Артемьев вновь наполнил свою чарку вином и выпил его залпом. Фон Ремберг холодным цепким взором прошелся по пьяному лицу хозяйского сына, который сидел напротив него с безразличным мутным взглядом, оперев голову на руку.
– Вы любите светло-русую девицу, приемную дочь вашего отца. Но Тихон Михайлович запрещает вам жениться на ней.
Услышав эту фразу, Федор оторопел и пораженно уставился на фон Ремберга. Молодому Артемьеву показалось, что он даже немого протрезвел. В тот же миг все страстные чувства волной нахлынули на Федора, и он вспомнил тот момент, когда впервые увидел Славу. Тогда ей было всего четырнадцать, а Федор вернулся со службы из-за границы. Отец его пять лет назад вновь женился, и Федор лишь из писем знал, что нынче у него есть мачеха и приемная сестра. Однако, едва увидев прелестную малышку Светославу, Федор сразу же почувствовал дикий зов плоти и сам поразился, как он, знавший множество женщин, может плениться этим ребенком. Да, безусловно, красивым, но все же ребенком.
Испугавшись своих странных противоречивых желаний, Федор попытался выкинуть преступную страсть из своего сердца, понимая, что это просто кощунственно, желать юную девицу. Почти год ему удавалось совладать со своими порывами, но едва Славе исполнилось пятнадцать, а ее красота налилась новыми прелестями, он понял, что сопротивляться бесполезно. Он искал утешения в домогательствах к другим женщинам, но приемная сестра постоянно маячила перед его взором.

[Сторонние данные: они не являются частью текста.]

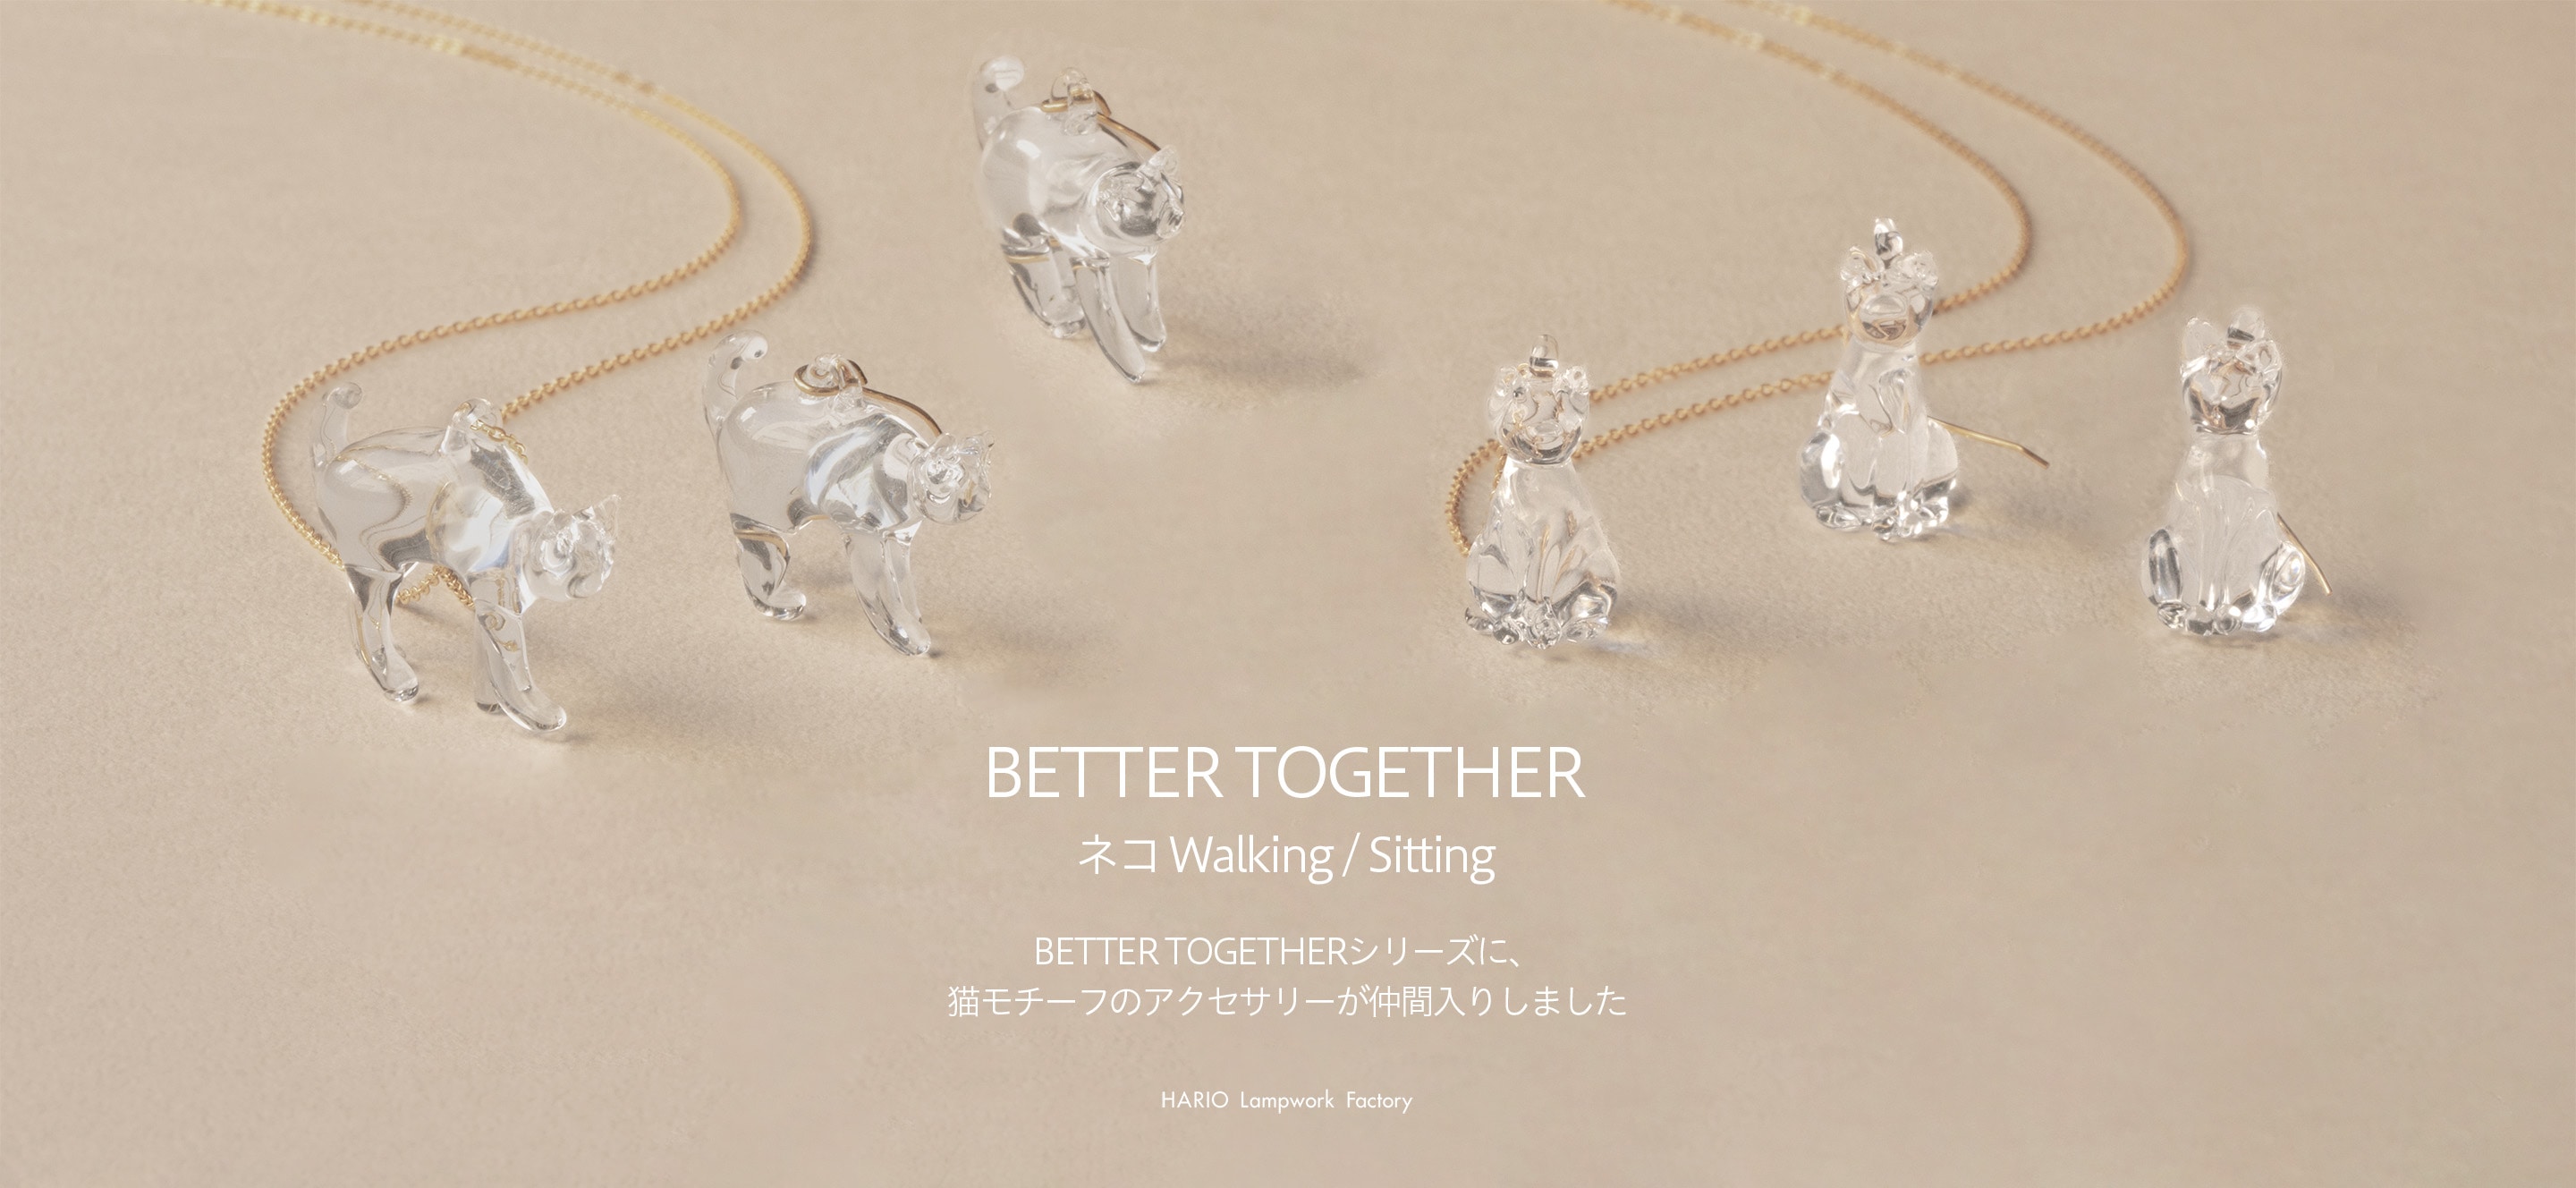 BETTER TOGETHER ネコ

Он знал, что Слава чиста и невинна даже в помыслах. Он не раз замечал, как она с жалостью смотрела на растерзанных зверей, которых он привозил с охоты. Она была любимицей отца, обожаема своею матерью Мирославой и пользовалась уважением всех слуг в доме. Распутные же мысли Федора постоянно кружились вокруг этой девицы, и едва он приближался к ней, то робел, как юноша. Один ее кристально-чистый взгляд будоражил все его существо, призывая подчинить это юное создание своей воле.
Федор никому не показывал свою тайную страсть, боясь, что люди осудят его за преступные желания к молоденькой девице, и был вынужден терпеливо дожидаться, когда ей исполнится шестнадцать. Через месяц после ее именин Федор, впервые, поговорил о своих чувствах с Тихоном Михайловичем. Старший Артемьев с ужасом выслушал слова Федора о желании жениться на Светославе. Едва придя в себя, Тихон наотрез отказал сыну в просьбе. Федор попытался выяснить, отчего отец не хочет отдать за него Славу? И тот властно заявил, что, во-первых, Слава еще слишком молода для замужества и не сможет в таком юном возрасте выносить здоровых детей. А во-вторых, Тихон Михайлович опасался, что буйный дикий Федор уморит малышку своим необузданным нравом. А Тихон слишком любил Славу и не собирался делать ее несчастной.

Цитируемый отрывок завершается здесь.